Airapetyan loads stray dogs into his car. (David Goldman/AP)

“If somebody doesn’t do it, nobody will do it,” Airapetyan said, before he started hefting one mangy animal after another into the back of his Korean minivan. “This won’t solve the problem, but we’re trying to attract attention to it. And a life is a life. Saving even one life is important.”

Dog advocates point out that the culling of strays in Sochi was happening long before the Olympics began to take shape. But they’ve been happy to exploit the publicity that comes with the Games.

Nadezhda Mayboroda, 39, a private tutor who opened her own shelter on a steep hillside outside town, with more than 100 dogs in residence, agrees that neither dog-lifts nor shelters will solve Sochi’s dog problem, which requires a concerted sterilization effort. But the efforts do help.

Stray dogs begin a new life at Nadezhda Mayboroda’s private shelter on a hillside in Sochi. (Will Englund/The Washington Post)

Last week, Mayboroda’s shelter started to receive financial support from Oleg Deripaska, a Russian oligarch who had a hand in Olympics construction.
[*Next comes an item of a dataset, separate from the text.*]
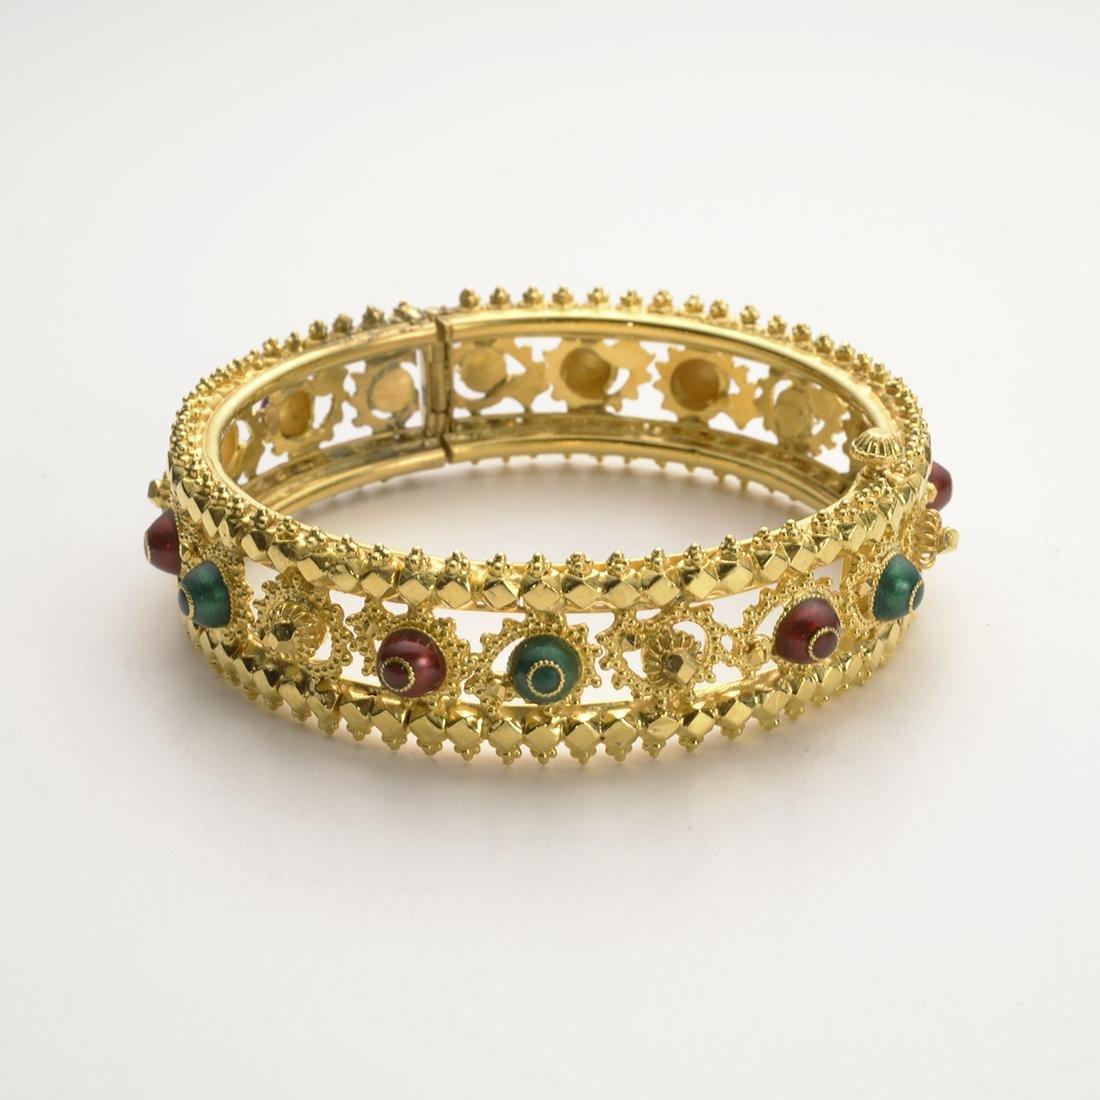 Tribhovanda Bhimji, 22 Carat Gold Bangle

Also, the city, taking note of unflattering news reports about killing dogs, is building its own small showcase shelter next to hers, and has asked the exterminating company to catch and deliver live animals to fill it.

But Mayboroda wonders whether the effort can be sustained past the Olympics. “You won’t change the situation in one month or two,” she said.

Mayboroda echoed a notion common among Russians: that dogs are innocent and shouldn’t be made to suffer because of the cruelties and negligence of human society. Caring for dogs can seem like an outlet for a more general frustration with life here.

“I don’t need money. I don’t need anything. I just love animals,” said Nina Stoyanovski, a volunteer at the shelter. “It’s what my soul needs. I can’t bear to see them die.”

On the drizzly and deserted street corner in Tuapse, dawn was still hours away. Under a lone streetlight, Airapetyan held a smallish dirty-white mongrel and began nuzzling her, his nose to her ear. She nuzzled back, and then he said that he was going to adopt her, to live with him at his home 15 miles south of Moscow.

Through social media, he had already found families willing to take the other dogs in — Krasnodar, Voronezh, Lipetsk, Tver and even St. Petersburg, another 400 miles beyond Moscow. It was going to be a long trip back.

Filippova said Airapetyan provided strong references when he first proposed the dog-lift in January. She was satisfied that the first batch had been well taken care of.

Supplies of dog food and medicines donated by Muscovites await transfer to cars that can take them the last 60 miles into Sochi. (Will Englund/The Washington Post)

This time, he brought a large load of donated dog food and medicine for the local volunteers to take back to Sochi with them. He also brought a dog — a ferocious Doberman pinscher making the reverse journey, sent by a St. Petersburg family to its owner in Sochi. Vladislava Provotorova, a 31-year-old dentist, got the Doberman into her Toyota Camry, which is equipped with a barricade between the front and back seats, and sped off down the coast. The Chrysler followed close behind. Local license plates assured their passage back through the Ring of Steel.

A gray dawn had broken by the time the partisans caught sight of Sochi.

Airapetyan weighed in 24 hours later on Facebook — still on the road, men and dogs tired and thirsty, miles yet to go.

Natasha Abbakumova contributed to this article.